Não sei, com certeza, o que esse gaúcho de Santa Maria obteve de positivo, até este instante, em seu duro trabalho. Sei que tem trabalhado muito. Para se ter uma ideia, de acordo com o último Censo, de 2010 (o Censo só se faz de dez em dez anos), são 1.393.314 pessoas, distribuídas em 763 favelas. Reside, nessas comunidades, 22% da população. Esse percentual, claro, cresceu de 2010 para cá.
Quando degustávamos o café da manhã, numa das conhecidas padarias do Leblon, por volta das 8h, minha mulher me chamou a atenção para a chegada ao local desse homem de bem. Como o tenho acompanhado pela imprensa escrita, falada e televisada, não resisti ao impulso, e fomos – os dois – a seu encontro. Ao nos aproximarmos de sua mesa (estava ao lado da mulher), vimos a expressão de alguém fatigado e abatido. O abatimento, especialmente naquele dia, se devia ao triste episódio ocorrido na véspera, no Hospital Souza Aguiar, quando o traficante Fat Family foi resgatado por 23 de seus muitos comparsas.
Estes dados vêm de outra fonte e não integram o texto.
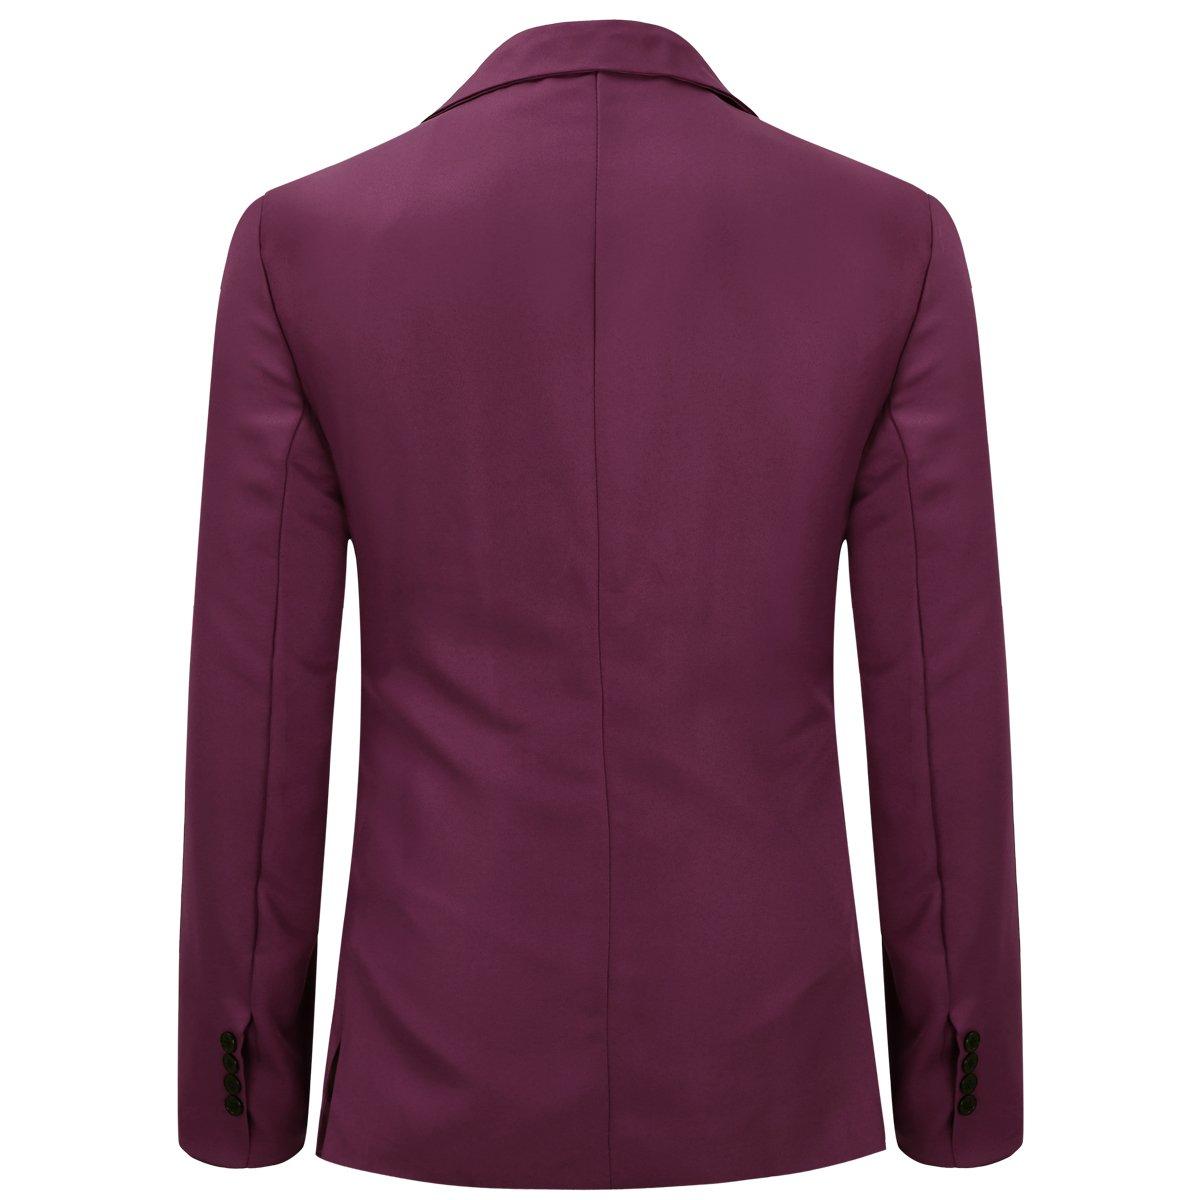 0f76da7e6d0 YUNCLOS Men s Slim Fit Casual One Button Notched Lapel Blazer Jacket at  Amazon Men s Clothing store

Feitas as respectivas apresentações, disse-lhe que eu e minha mulher estávamos ali porque o reconhecimento anônimo pelos serviços prestados é, sem dúvida, o melhor pagamento que deve esperar um servidor público que cumpre seu dever. E ele é um deles. Beltrame agradeceu os elogios, mas nos disse, em seguida, que se sente sozinho na tarefa hercúlea que assumiu. E, simultaneamente, sinalizando com uma das mãos, deu-nos a entender que estava prestes “a dar o fora”. A imprensa, depois, confirmou que ele ficará até o fim das Olimpíadas.
Beltrame me fez lembrar o alerta que contém a frase “o cansaço dos bons”, usada por muita gente importante. Uma delas: Martin Luther King, que dizia que o que mais o incomodava era o “silêncio dos bons”. Mais recentemente, o psiquiatra argentino Roberto Almada adotou-a como título de um de seus livros, que trata do desgaste profissional e emocional do ser humano. Segundo ele, para o bem da humanidade, o grande desafio é impedir que os bons se cansem.
Estamos outra vez, hoje, diante desse desafio, quando o noticiário sobre o envolvimento de agentes públicos e empresários na corrupção conseguiu superar aquele que trata da violência no trânsito ou no tráfico. Só no Rio, por exemplo, um motorista é roubado a cada três minutos. Sobre o que ocorre no tráfico, o jornalista inglês Misha Glenny, que residiu na favela da Rocinha por três meses, retirou de lá elementos para escrever o livro “O Dono do Morro”, sobre o traficante Nem. Misha afirma que viu o mesmo acontecer no Leste Europeu, quando da queda do comunismo: “Quando o Estado é fraco, o crime organizado avança”.
O prefeito Eduardo Paes, mais boquirroto que gestor, em sua diatribe contra o governo que ajudou a eleger, concordou com Misha Glenny quando este, em entrevista a Mário Sérgio Conti, disse que não teme atentados nas Olimpíadas. Os chefes do tráfico contarão com um bom mercado… O problema é o “após” (expressão do inglês Misha), quando a crise política e econômica mostrar, enfim, sua cara. Será terrível!